If individuals can’t talk amongst themselves, then the political discourse is left to the loudest, and often most polarizing, voices with public platforms, she says.
“Engaging around contentious issue is not the problem. Rather, the problem is that we are engaging around these issues in ways that are unproductive,” Hopper tells CNBC Make It.
“We don’t need fewer arguments; we need better arguments,” Hopper says.
Leaders at work should guide their employees to have elevated conversations about politics, according to Hopper.
“Instead of requiring people to leave their views at the door, business leaders should empower employees and create norms for productive dialogue,” Hopper says, pointing to the Better Arguments Project, a national initiative from the Aspen Institute, The Allstate Corporation and educational non-profit Facing History and Ourselves to bridge divides by helping Americans to engage more productively.
Here are guidelines for engaging in productive disagreements.
Don’t try to win
“The first principle is to take winning off the table. This might be the most difficult step for many people, especially when the stakes are so high, but this step is hugely important,” Hopper says.
Instead, both parties should make the goal of the discussion to reach a greater understanding.
“If you enter an exchange with the purpose of defeating the other person, you will be listening to what they are saying in order to refute their ideas. Facts become ammunition, rather than tools,” Hopper says.
“But if you take winning of the table for that exchange, you will be able to listen in order to understand their ideas. Drawing this boundary allows for this kind of open exchange. Some people may ultimately change their minds, but it does not need to be the purpose of the exchange.”
Listen empathetically
If you are just waiting to respond your colleague as soon as they finish talking, you aren’t engaging productively. Be willing to actually listen to what the person in front of you is saying, whether you think you will agree or not.
“Prioritize relationships and listen passionately. Don’t think of your coworker in terms of how they voted,” Hopper says. “Rather, think of them as your colleague or your friend first, and aim to walk away from the engagement caring more about them than you care about their opinion.”
Learn what experience formed the opinion
“Pay attention to context. No belief is formed in a vacuum; our opinions are informed by all kinds of context, whether it’s lived experiences, information we have access to, or cultures we practice,” Hopper says. “Try to understand why your coworker holds their believes, not just what their beliefs are.”
Then, self reflect on why you have your political beliefs.
Be ready to be uncomfortable in your vulnerability
Having a productive disagreement is hard.
“In many ways, it is against our human nature to step outside of our comfort zone to engage with someone who won’t simply reconfirm our existing views, ” Hopper says.
“But this behavior is necessary, and we believe it is contagious. The more we do it, the more others will do the same.”
Be willing to learn
“Make room to transform.
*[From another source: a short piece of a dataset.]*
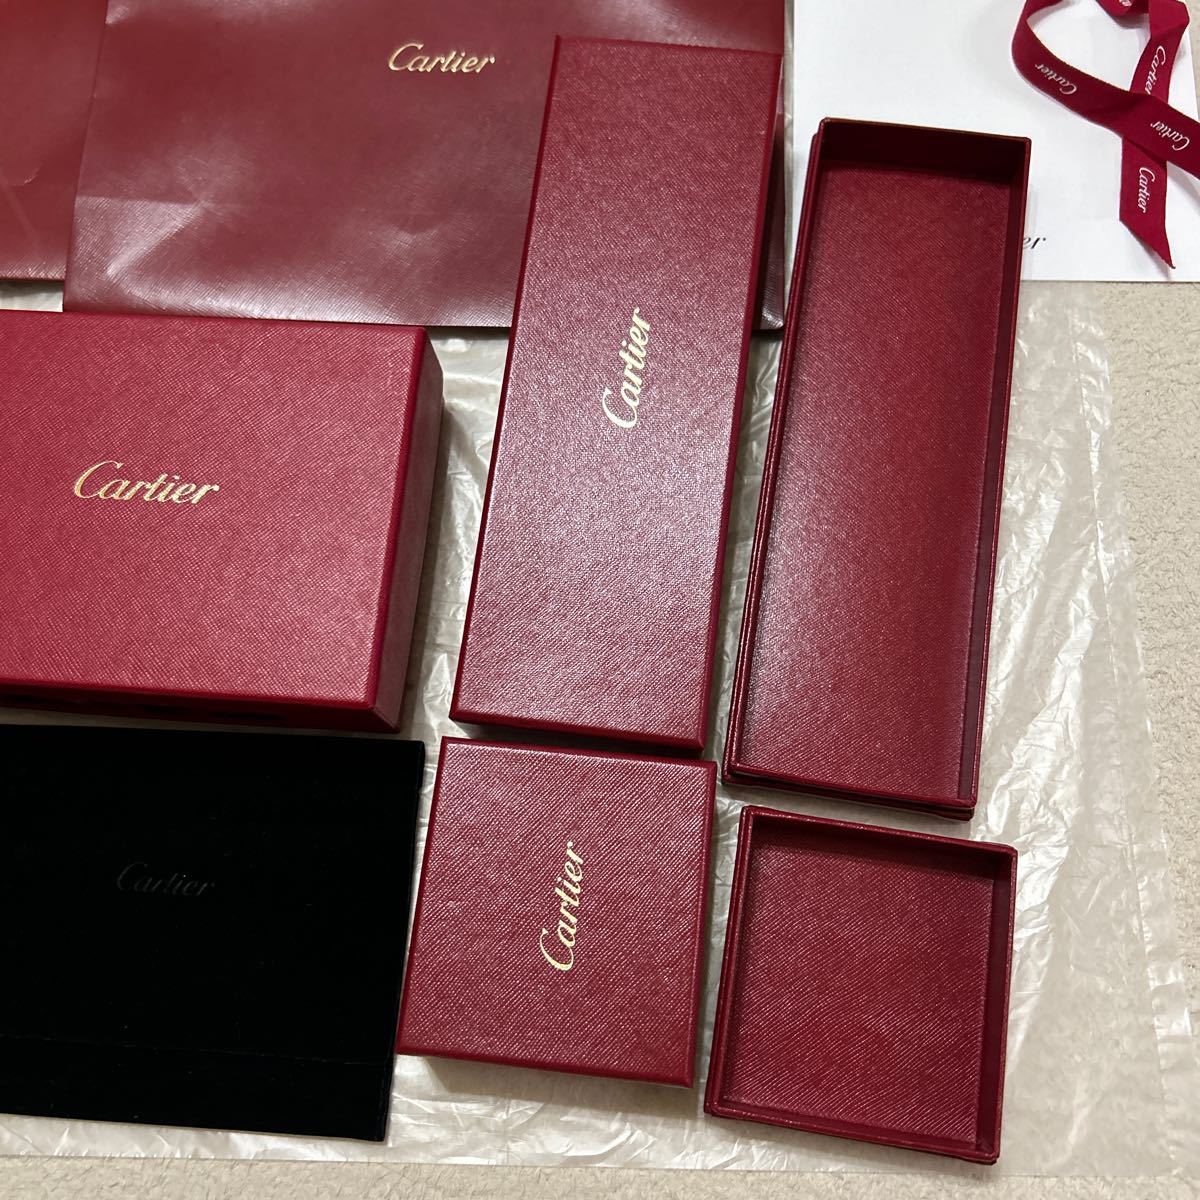 カルティエ 空箱 保存袋 紙袋 セット Cartier BOX 空き箱 箱 ショップ袋 時計 アクセサリー 革小物 ショッパーの画像4

You won’t get anywhere if you’re unwilling to yield any points or possibly walk away with a new viewpoint,” Hopper says. “Treat the argument as a learning experience, and be ready to have your assumptions challenged.”
Know when a discussion will not be productive
The frame work of a productive disagreement can only operate in “the realm of facts,” Hopper says. “Factually untrue statements and false-equivalencies can and should be challenged.”
And there are some instances where you won’t be able to have a productive conversation. If one person is being racist, for example.
“A ‘better argument’ is one in which all parties respect the humanity of the others,” Hopper says. “So there are instances in which a line must be drawn, and exchange cannot be productive. In those cases, there is other kinds of work to be done, by some parties more than others.”
While it’s a lot of effort to go trough a productive disagreement, the benefit can be worth it.
“We often emerge with more nuanced, deeper insights and stronger solutions to the problems that affect us all. Workplaces will be at a strategic advantage if they encourage, rather than limit, these productive exchanges of ideas,” Hopper says.